Lançado pela Netflix, filme abusa de polêmicas e violências da vida da atriz

Foto: Divulgação/Netflix

Entender como uma pessoa se transforma em um ícone não é uma tarefa fácil. E, provavelmente, Marilyn Monroe foi a primeira grande influenciadora e objeto de desejo que a indústria cultural, de fato, emplacou no último século. O pioneirismo e as tragédias de toda essa cobiça são objeto de estudo de “Blonde”, lançado pela Netflix na última quarta-feira (28).

Estrelando Ana de Armas (“Entre Facas e Segredos”) no papel da protagonista, “Blonde” foi dirigido por Andrew Dominik (“O Assassinato de Jesse James”). O roteiro teve como inspiração o livro de mesmo título, escrito por Joyce Carol Oates, lançado em 1999. A proposta das duas obras é servir como um romance biográfico – ou seja, utilizar de fatos da realidade, mas com certos toques imaginados pelos autores.

Sobre o que é o filme “Blonde”, com Ana de Armas?

“Blonde” se propõe a contar uma história pouco explorada: o pior lado possível de Marylin Monroe e toda a mitologia criada ao redor dela. A estrela de Hollywood, que teve sua ascensão entre as décadas de 1950 e 1960, foi uma verdadeira febre nos Estados Unidos, e não demorou muito para atrair a atenção do resto do planeta. 
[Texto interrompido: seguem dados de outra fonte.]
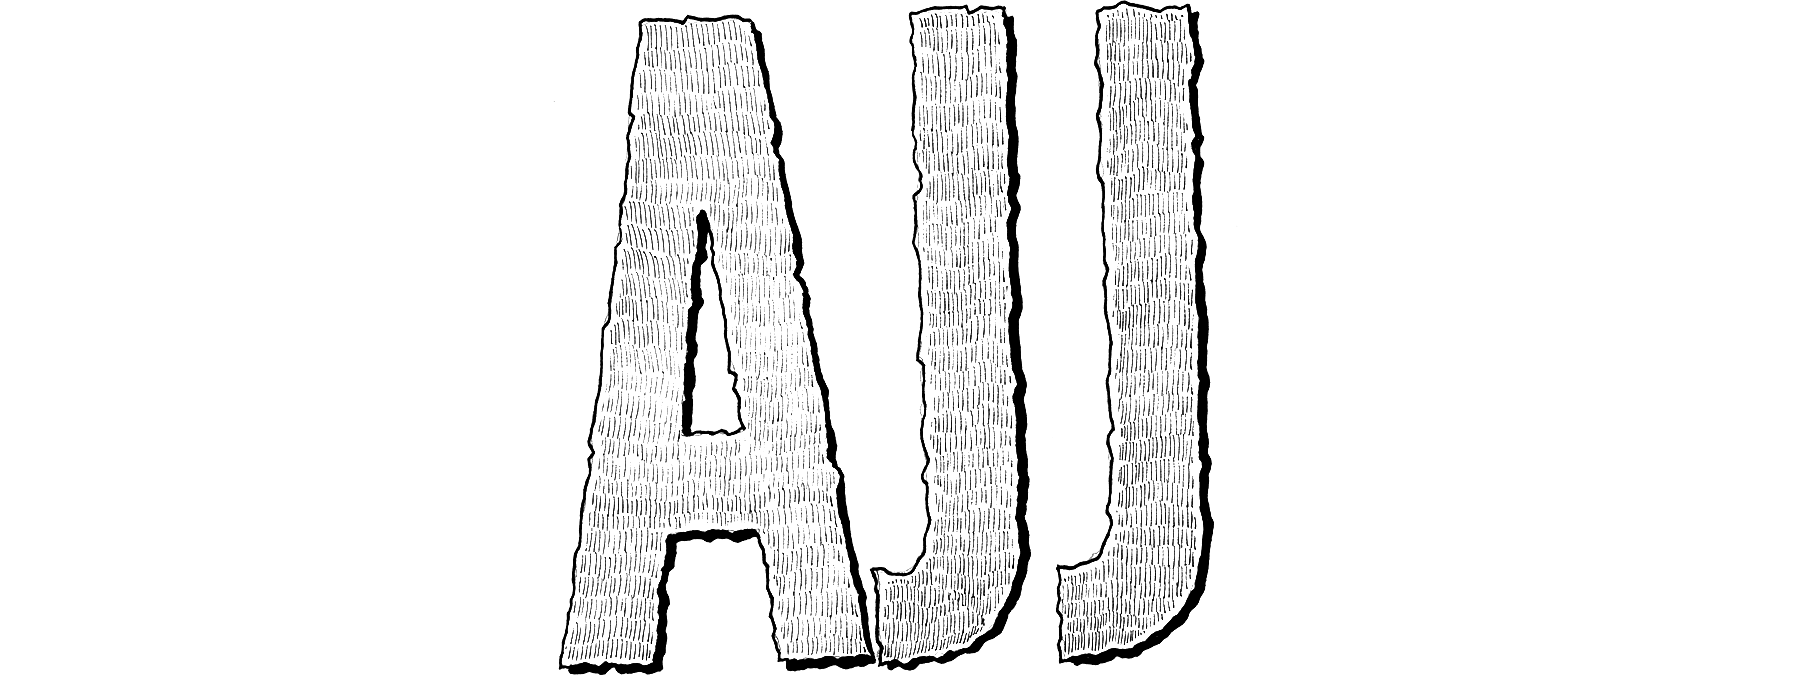 AJJ-logo-bw-on-trans
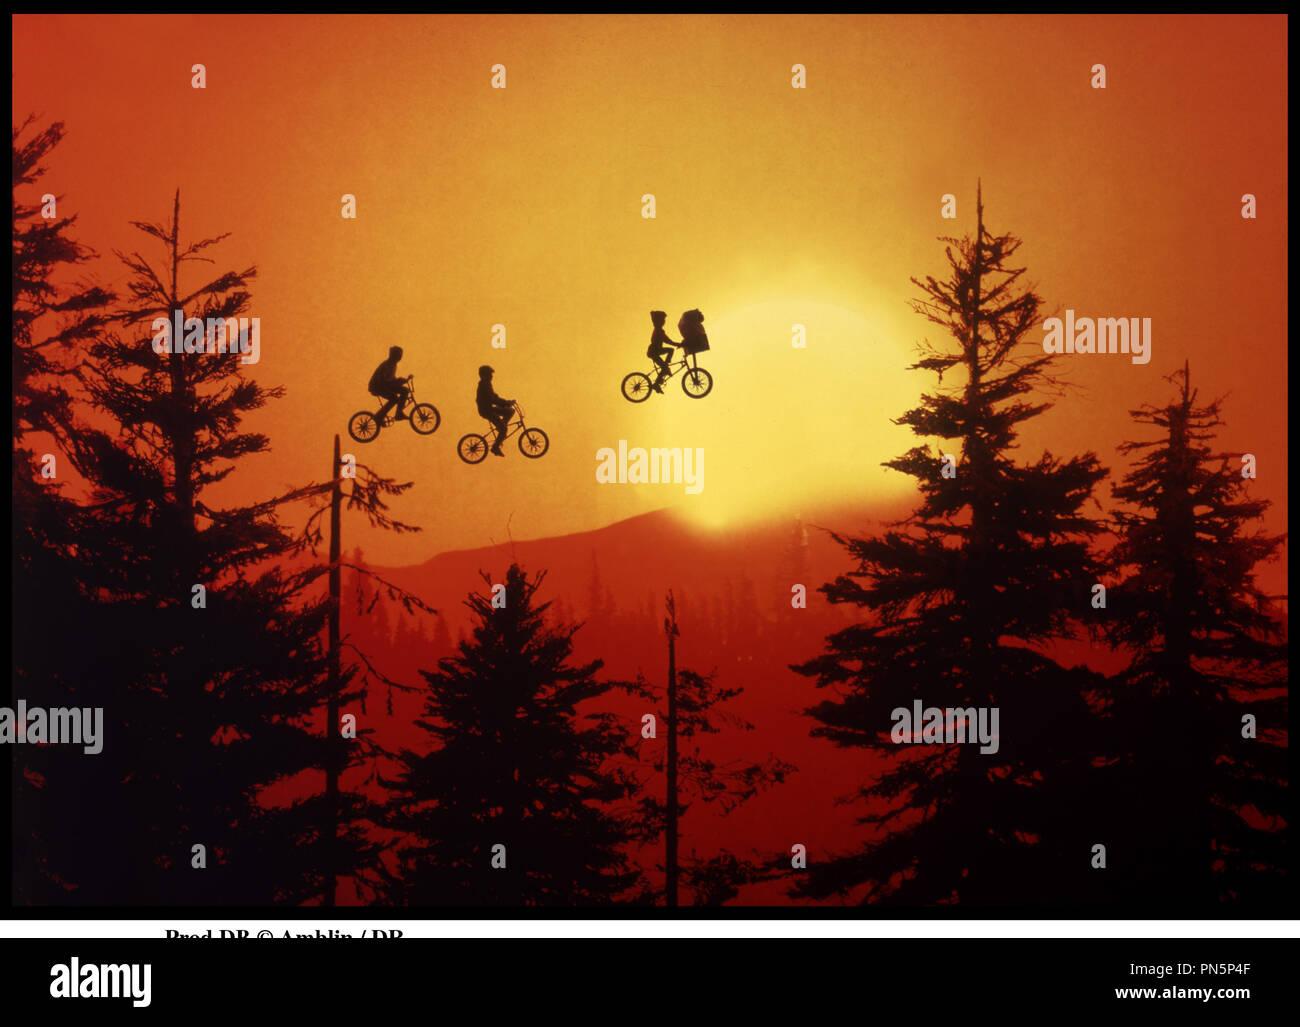 Prod DB © Amblin / DR E.T (E.T L'extra-terrestre) de Steven Spielberg 1982 USA avec Henry Thomas, extra-terrestre lune, velo, voyage, diriger autour Photo Stock

No entanto, Marilyn é, na verdade, um alter ego de Norma Jeane. E, com isso em mente, o filme explora a dualidade entre essas duas personalidades, que são bastante diferentes. Enquanto Norma é insegura e retraída, Marylin é expansiva, a verdadeira definição de uma pessoa solar. Esse conceito, aliás, é repetido diversas vezes ao longo das quase três horas do enredo: Marilyn Monroe é iluminada, é como o Sol, que você não consegue viver sem.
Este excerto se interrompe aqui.